Pour sa part, John Robinson, de l’Université du Maryland, s’attache à décrire en détails l’évolution du temps quotidien que les parents consacrent à leurs enfants. En utilisant la méthodologie des « budgets-temps », ou « emploi du temps », on peut en effet recomposer de manière minutieuse la durée effective (et non évaluée par les répondants) du temps quotidien consacré à telle ou telle activité, ou encore en présence de telle ou telle personne. L’article présente des données qui contrastent avec l’image de parents surchargés qui s’occuperaient de moins en moins de leurs enfants. Sur une vingtaine d’années, on constate en effet que les parents consacrent pratiquement autant de temps à leurs enfants, les mères un peu moins, en raison de leur présence massive sur le marché du travail, les pères un peu plus. La présence accrue des pères auprès de leurs enfants est tout particulièrement accentuée chez les jeunes pères québécois.

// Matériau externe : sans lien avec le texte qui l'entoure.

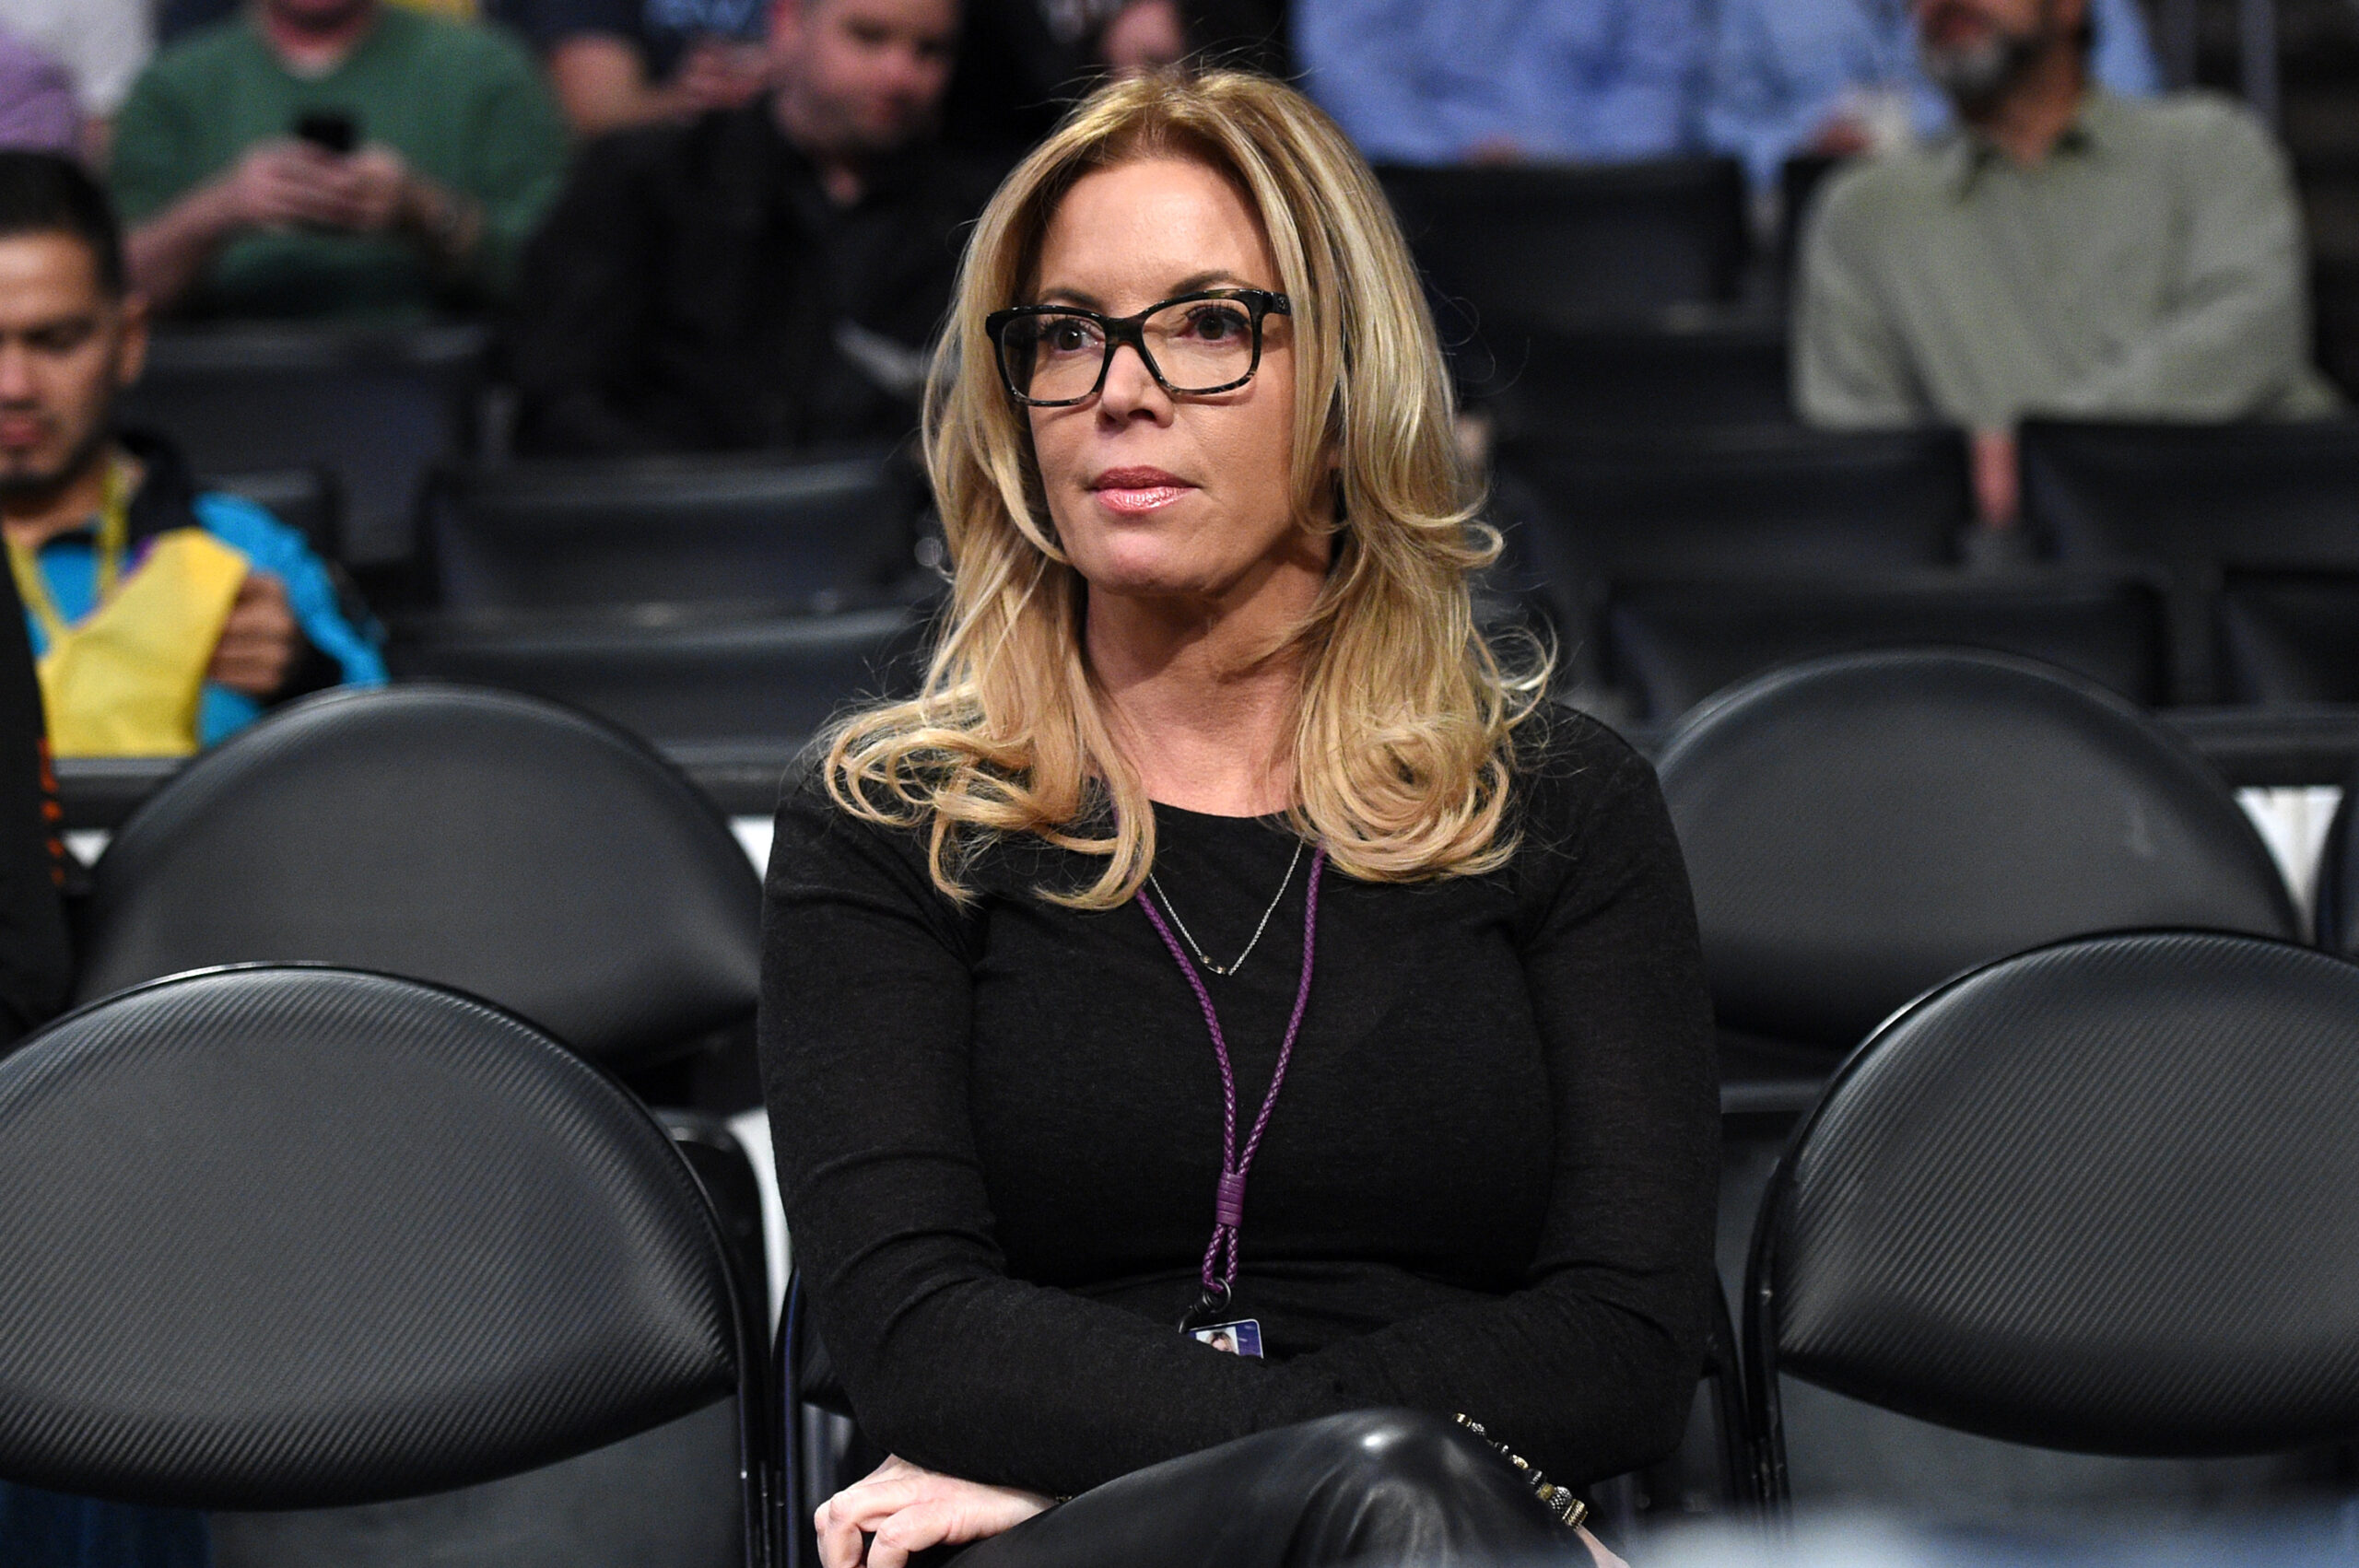 Jeanie Buss owner of the Los Angeles Lakers

Les parents constituent des acteurs majeurs du projet éducatif qu’ils veulent transmettre à leurs enfants. Au point d’ailleurs que certains d’entre eux, en rupture avec l’institution scolaire pour des raisons religieuses, éducatives ou pédagogiques, n’hésitent pas à se faire instituteurs de leurs propres enfants. Ils seraient environ un million aux États-Unis. Le texte signé par Christine Brabant, Sylvain Bourdon et France Jutras, de l’Université de Sherbrooke, apporte un éclairage sur ce phénomène malgré tout marginal au Québec : il en décrit l’ampleur, les raisons dominantes, le projet familial sous-jacent, lequel semble prédominant dans l’échantillon de parents québécois de cette recherche. La notion de parent éducateur, proposée par l’équipe belge, prend ici tout son sens.

Être parent, c’est aussi transmettre un certain héritage culturel à ses enfants. Dans une contribution sur un thème peu souvent abordé dans les recherches sur la famille, Olivier Donnat, du ministère français de la Culture et de la Communication, présente les résultats d’une vaste enquête portant sur la manière dont les parents transmettent à leurs enfants leurs passions culturelles, pour la lecture, la musique ou le théâtre, par exemple. Il appert que le poids du milieu familial est déterminant. Plus de la moitié des passions culturelles des enfants leurs sont transmises par leurs parents. Pour ces parents, les exemples sont donnés précocement (visites familiales d’institutions, degré d’engagement des parents dans la vie culturelle, etc.) et l’attention au parcours scolaire des enfants est plus forte. Les « héritiers » deviennent « passeurs » à leur tour, cumulant dans le temps les héritages culturels. Si les données sont françaises uniquement, nul doute qu’elles se vérifieraient en d’autres milieux, car elles vont dans le même sens que d’autres enquêtes internationales sur le sujet.

Ce premier numéro se termine par un examen critique des modifications récemment apportées au Code civil du Québec en matière de filiation, par Alain Roy, de la faculté de droit de l’Université de Montréal. Depuis le 24 juin 2002, ces modifications permettent l’établissement d’un lien filial entre un enfant et deux parents de même sexe. Comme le soulignait Hélène Belleau dans un texte précédent, on observe ici la construction d’une nouvelle filiation, par delà les liens biologiques, sur des assises juridiques que vient consacrer la réforme du code civil en permettant à des parents de même sexe d’adopter un enfant ou de procéder par procréation assistée. Mais, prévient l’auteur, il s’agit d’une réforme précipitée qui ne tient pas nécessairement compte du bien de l’enfant, puisqu’elle ne consiste qu’en un montage juridique pour assurer l’autorité parentale de deux pères ou de deux mères. La réforme est aussi incomplète, ajoute Alain Roy, car elle ne règle pas la situation d’enfants issus d’unions hétérosexuelles vivant auprès d’un de leur parent et du conjoint homosexuel de ce dernier. Elle affecte, de manière comparable, l’ensemble des familles recomposées, dont le conjoint hétérosexuel ne jouit d’aucun droit à moins d’avoir pu adopter l’enfant.